Re: [RFC PATCHES 00/17] IOMMUFD: Deliver IO page faults to user space

From: Baolu Lu
Date: Tue Jun 27 2023 - 22:01:17 EST


On 2023/6/27 2:33, Jason Gunthorpe wrote:
On Sun, Jun 25, 2023 at 02:30:46PM +0800, Baolu Lu wrote:

Agreed. We should avoid workqueue in sva iopf framework. Perhaps we
could go ahead with below code? It will be registered to device with
iommu_register_device_fault_handler() in IOMMU_DEV_FEAT_IOPF enabling
path. Un-registering in the disable path of cause.

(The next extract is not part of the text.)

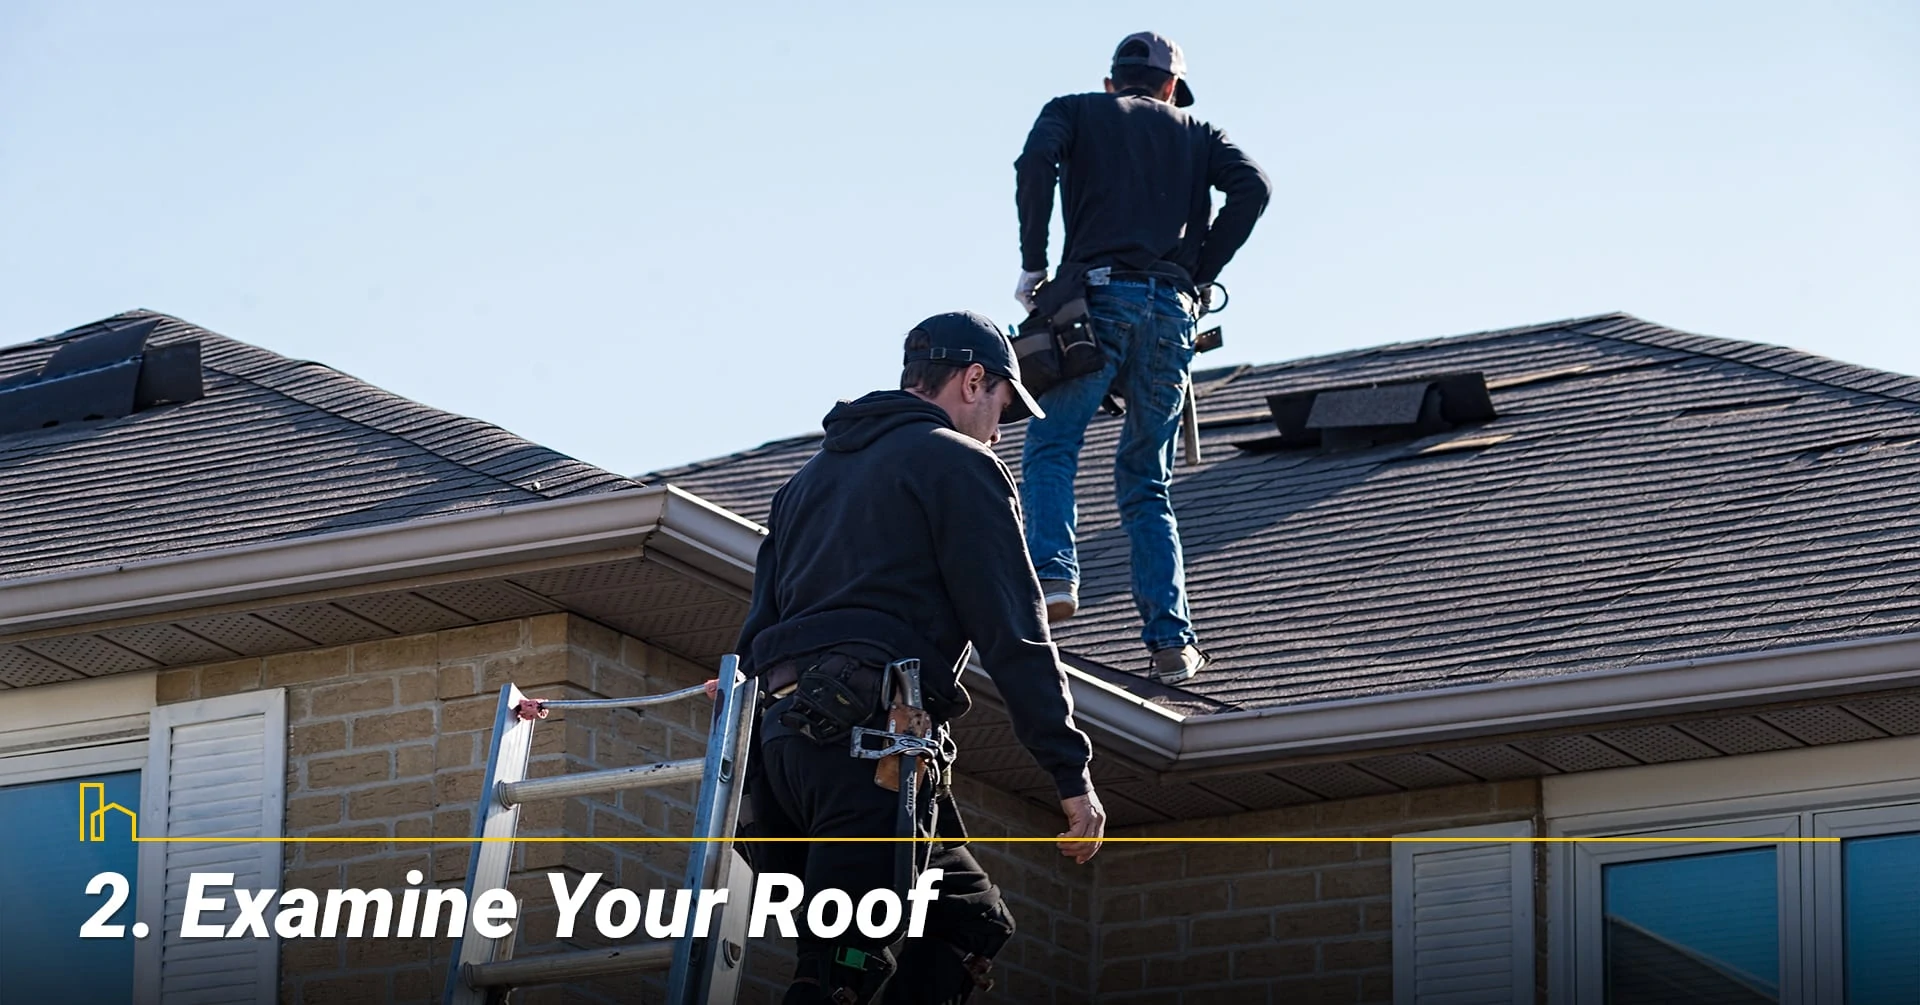 Examine Your Roof, review condition of the roof

This maze needs to be undone as well.

It makes no sense that all the drivers are calling

iommu_register_device_fault_handler(dev, iommu_queue_iopf, dev);

The driver should RX a PRI fault and deliver it to some core code
function, this looks like a good start:

static int io_pgfault_handler(struct iommu_fault *fault, void *cookie)
{
ioasid_t pasid = fault->prm.pasid;
struct device *dev = cookie;
struct iommu_domain *domain;

if (fault->type != IOMMU_FAULT_PAGE_REQ)
return -EOPNOTSUPP;

if (fault->prm.flags & IOMMU_FAULT_PAGE_REQUEST_PASID_VALID)
domain = iommu_get_domain_for_dev_pasid(dev, pasid, 0);
else
domain = iommu_get_domain_for_dev(dev);

if (!domain || !domain->iopf_handler)
return -ENODEV;

if (domain->type == IOMMU_DOMAIN_SVA)
return iommu_queue_iopf(fault, cookie);

return domain->iopf_handler(fault, dev, domain->fault_data);

Then we find the domain that owns the translation and invoke its
domain->ops->iopf_handler()

Agreed. The iommu_register_device_fault_handler() could only be called
by the device drivers who want to handle the DMA faults and IO page
faults by themselves in any special ways.

By default, the faults should be dispatched to domain->iopf_handler in a
generic core code.


If the driver created a SVA domain then the op should point to some
generic 'handle sva fault' function. There shouldn't be weird SVA
stuff in the core code.

The weird SVA stuff is really just a generic per-device workqueue
dispatcher, so if we think that is valuable then it should be
integrated into the iommu_domain (domain->ops->use_iopf_workqueue =
true for instance). Then it could route the fault through the
workqueue and still invoke domain->ops->iopf_handler.

The word "SVA" should not appear in any of this.

Yes. We should make it generic. The domain->use_iopf_workqueue flag
denotes that the page faults of a fault group should be put together and
then be handled and responded in a workqueue. Otherwise, the page fault
is dispatched to domain->iopf_handler directly.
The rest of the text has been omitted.